Give every line of the material back exactly, images removed.

::: Given information :::

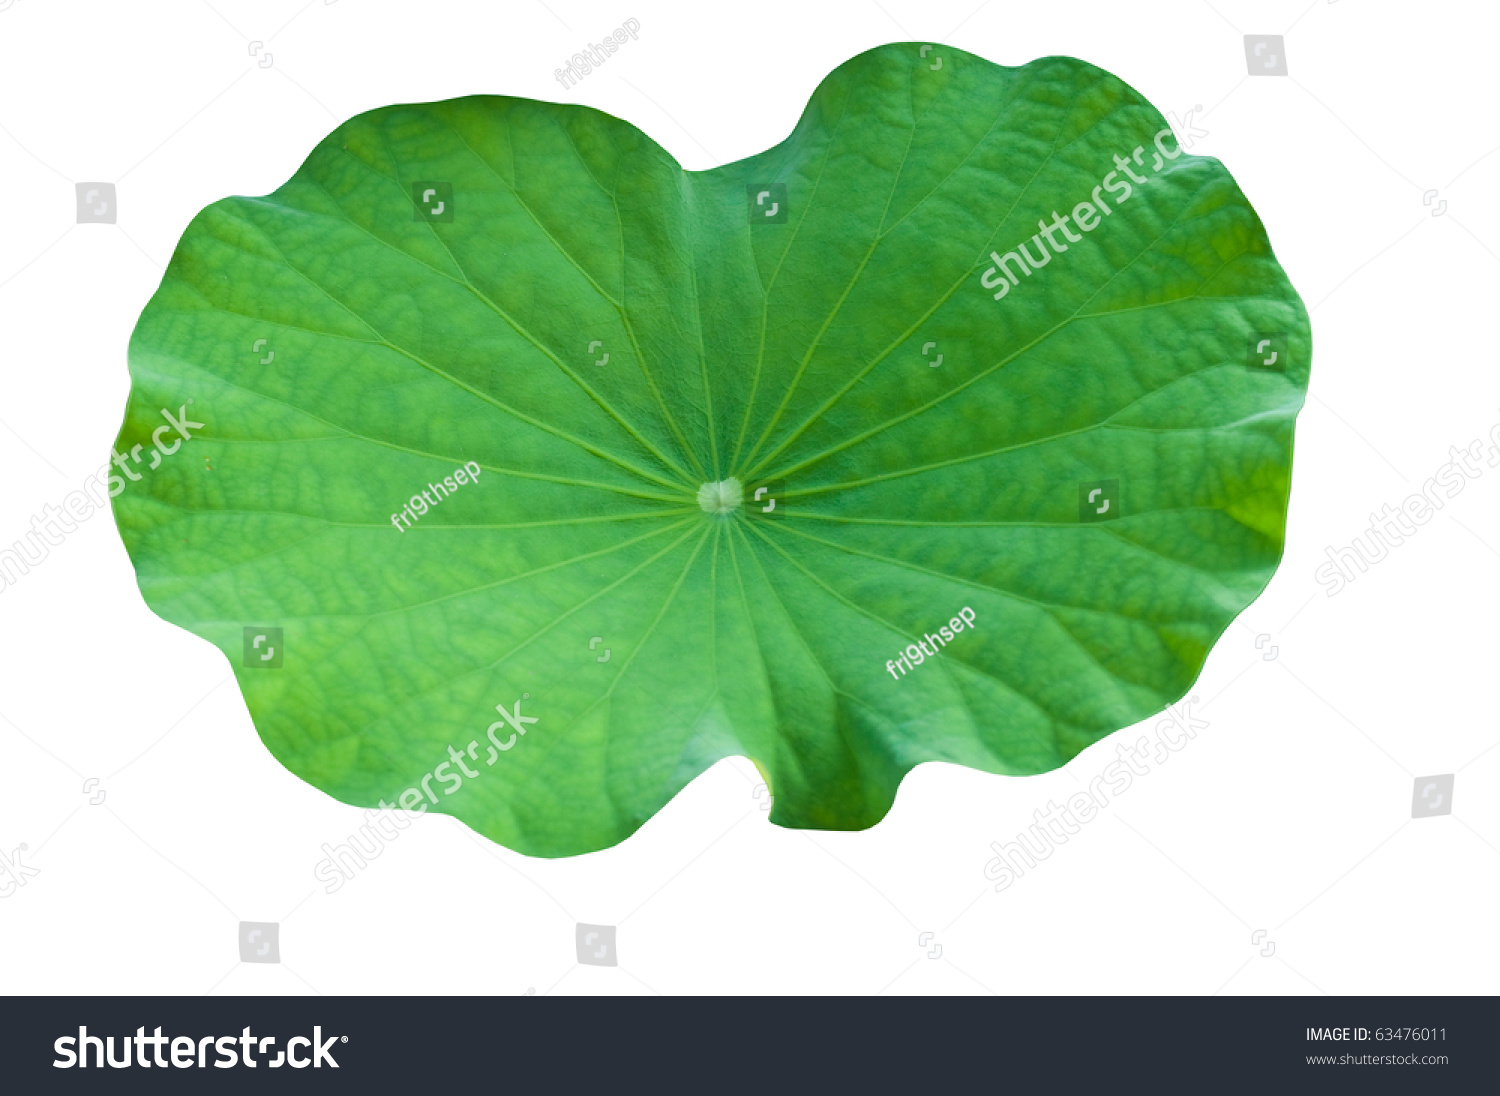 clip art lotus leaf - photo #19
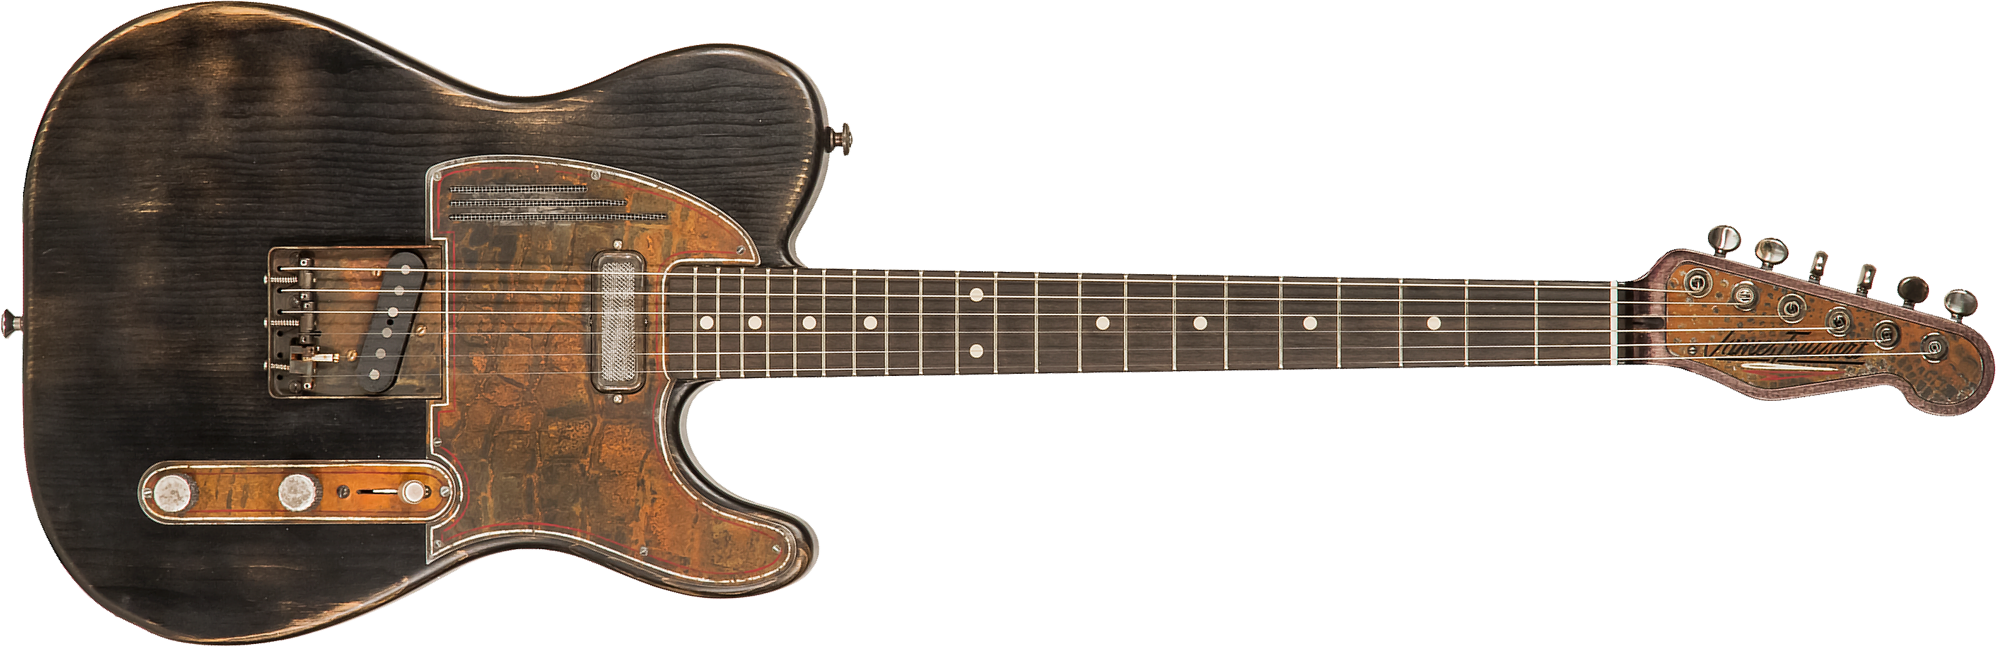 James Trussart Steelguardcaster Glaser B Bender Sh Ht Eb #21062 - Rust O Matic Pinstriped Black Nitro - Televorm elektrische gitaar - Main picture
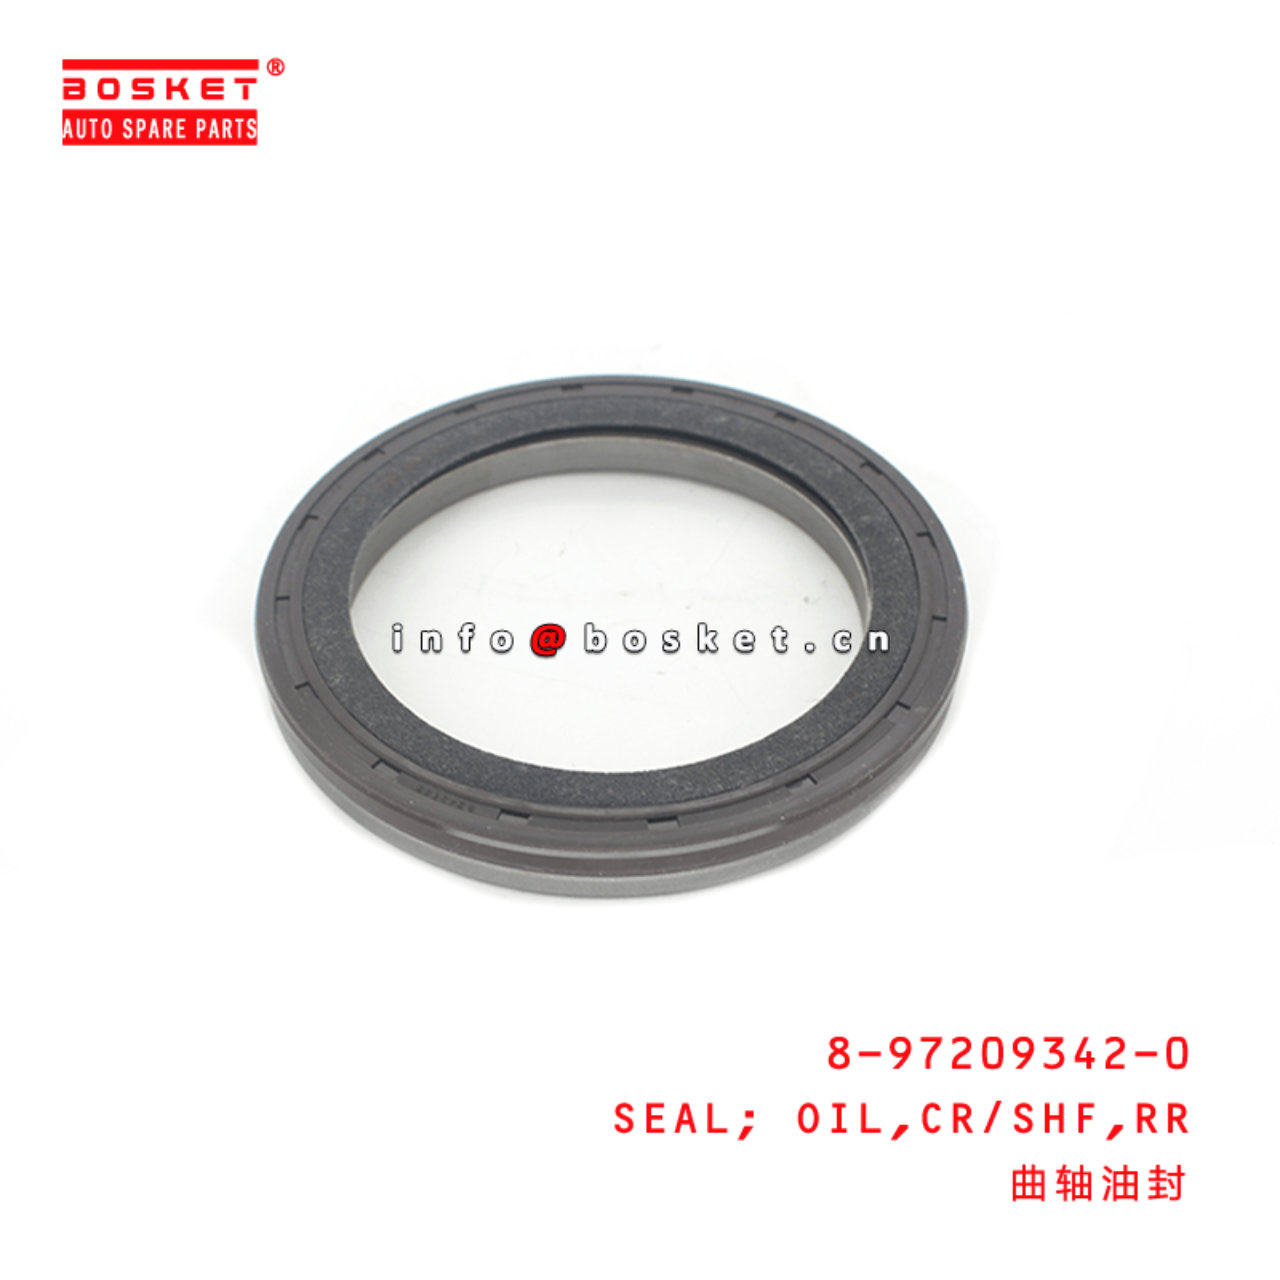 8-97209342-0 Rear Crankshaft Oil Seal 8972093420 Suitable for ISUZU XD 6HK1

:::

■ Solution ■
 clip art lotus leaf - photo #19
 James Trussart Steelguardcaster Glaser B Bender Sh Ht Eb #21062 - Rust O Matic Pinstriped Black Nitro - Televorm elektrische gitaar - Main picture
 8-97209342-0 Rear Crankshaft Oil Seal 8972093420 Suitable for ISUZU XD 6HK1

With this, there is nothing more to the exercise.